Outraged by the AGM decision, Sinn Féin put forward a motion to trigger the d'Hondt system at the monthly Council meeting this Tuesday 22 July. It was an effort to ensure that positions on the Council could be allocated fairly, but unionists refused to debate the motion. Instead they referred it to the Strategic Policy Committee, which will not look at the issue until September.
"Tuesday night's decision not to allow a Sinn Féin motion about implementing proportionality to be debated shows how much contempt the UUP and DUP have for other elected representatives on the Council," Butler told An Phoblacht. "It is a clear case of democracy denied. Lisburn Council has denied nationalists and other elected representatives on the Council freedom of speech.
"The only course of action open to us now is to take Lisburn Council to court. If they are found guilty of discrimination, maybe we can get the unfair and undemocratic decision of the AGM overturned.
"Therefore we are now seeking a judicial review. I will be speaking to our solicitors about this later in the week. I am hopeful that we can get Lisburn Council into court. The only people who can stop that is the unionists on Lisburn Council - by reversing the decisions they took at the AGM."
Sinn Féin party Chairperson Mitchel McLaughlin has also said that the situation is "totally intolerable."
"The reality is that the message this sends out to Catholics, or to other nationalists in Lisburn, is that there is no need to apply as far as Lisburn City Council is concerned," he said. "Make no mistake about it, if that type of blatant and direct discrimination can happen in the election to the senior positions on the council, then the ratepayers of Lisburn can expect no better."
"We intend to be part of an effective campaign about bringing democracy to the Council. It's not about collapsing local government institutions, but it is about making them democratic - and transparently democratic."
Sinn Féin's campaign to end discrimination in Lisburn will include calls for:
- the implementation of the d'Hondt power-sharing system, in which positions are shared between parties according to strength.
- motions to be put before all councils in the Six Counties on Lisburn Council and its exclusion of nationalist representatives.
- the SDLP and the cross-community Alliance Party to support the campaign to end discrimination against the 17,000 voters who vote for the parties in the area.

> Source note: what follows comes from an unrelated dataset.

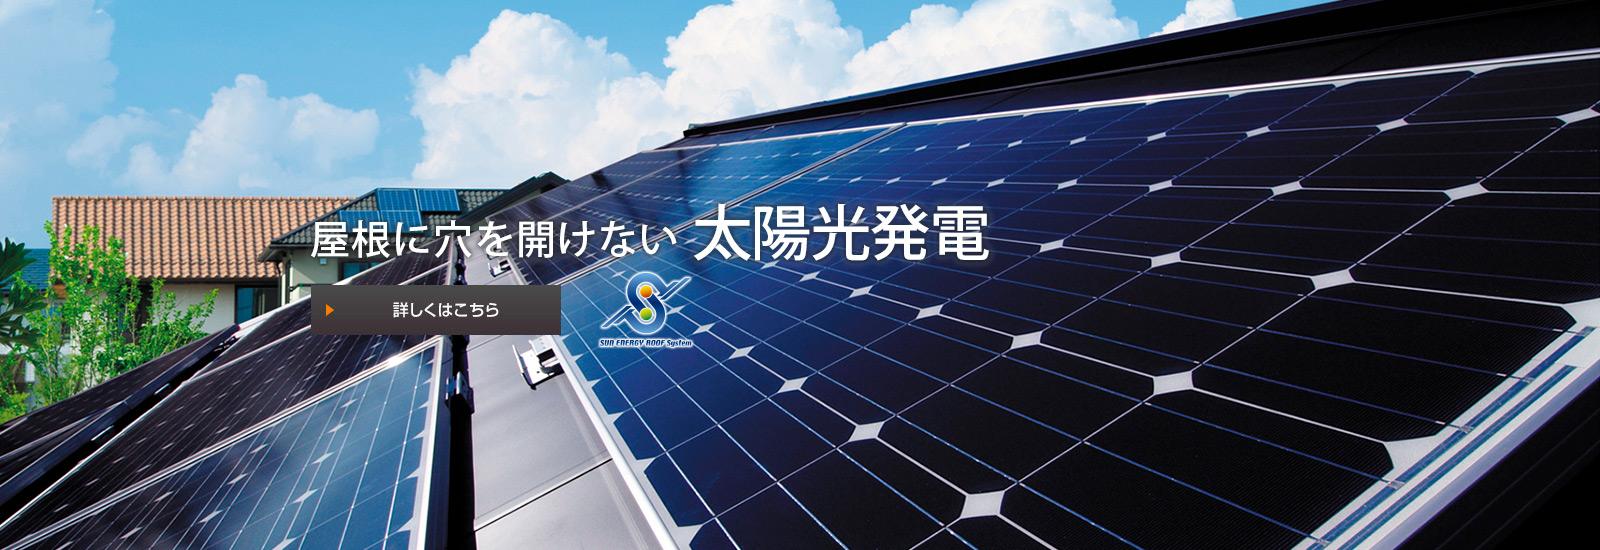 防水のプロだから安心の10年保証 太陽光発電

- the British government to consider dissolving Lisburn Council and take power out of unionist hands.
- debates in Irish, British and European parliaments and in US Congress to pass motions in support of nationalists in Lisburn.

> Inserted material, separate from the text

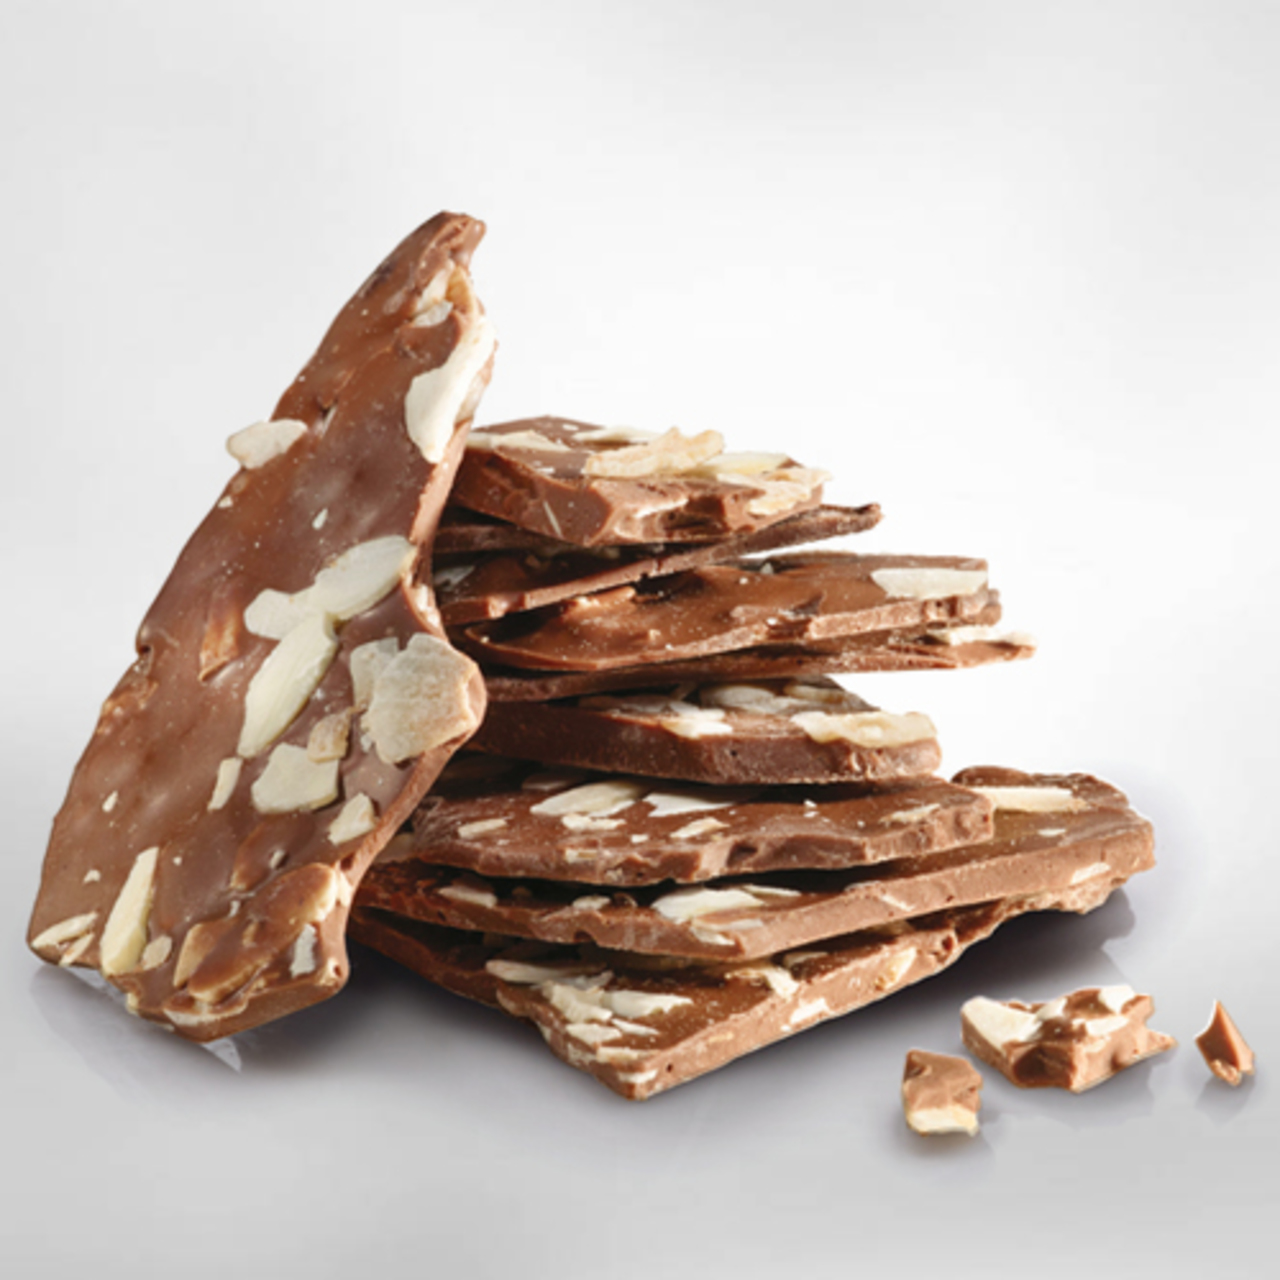 BIO - Fines brisures de chocolat au lait - 36% (120g)

Sinn Féin will actively oppose publicity campaigns for the new city, which uses the slogan: 'Lisburn, A City for Everyone'. The party will also protest at any events Lisburn Council is invited to. Sinn Féin will also petition the business and community sectors to refuse to use the Council's Island Civic Centre for conferences and community groups in Twinbrook, Poleglass and Lagmore not to invite the mayor or deputy mayor into the area.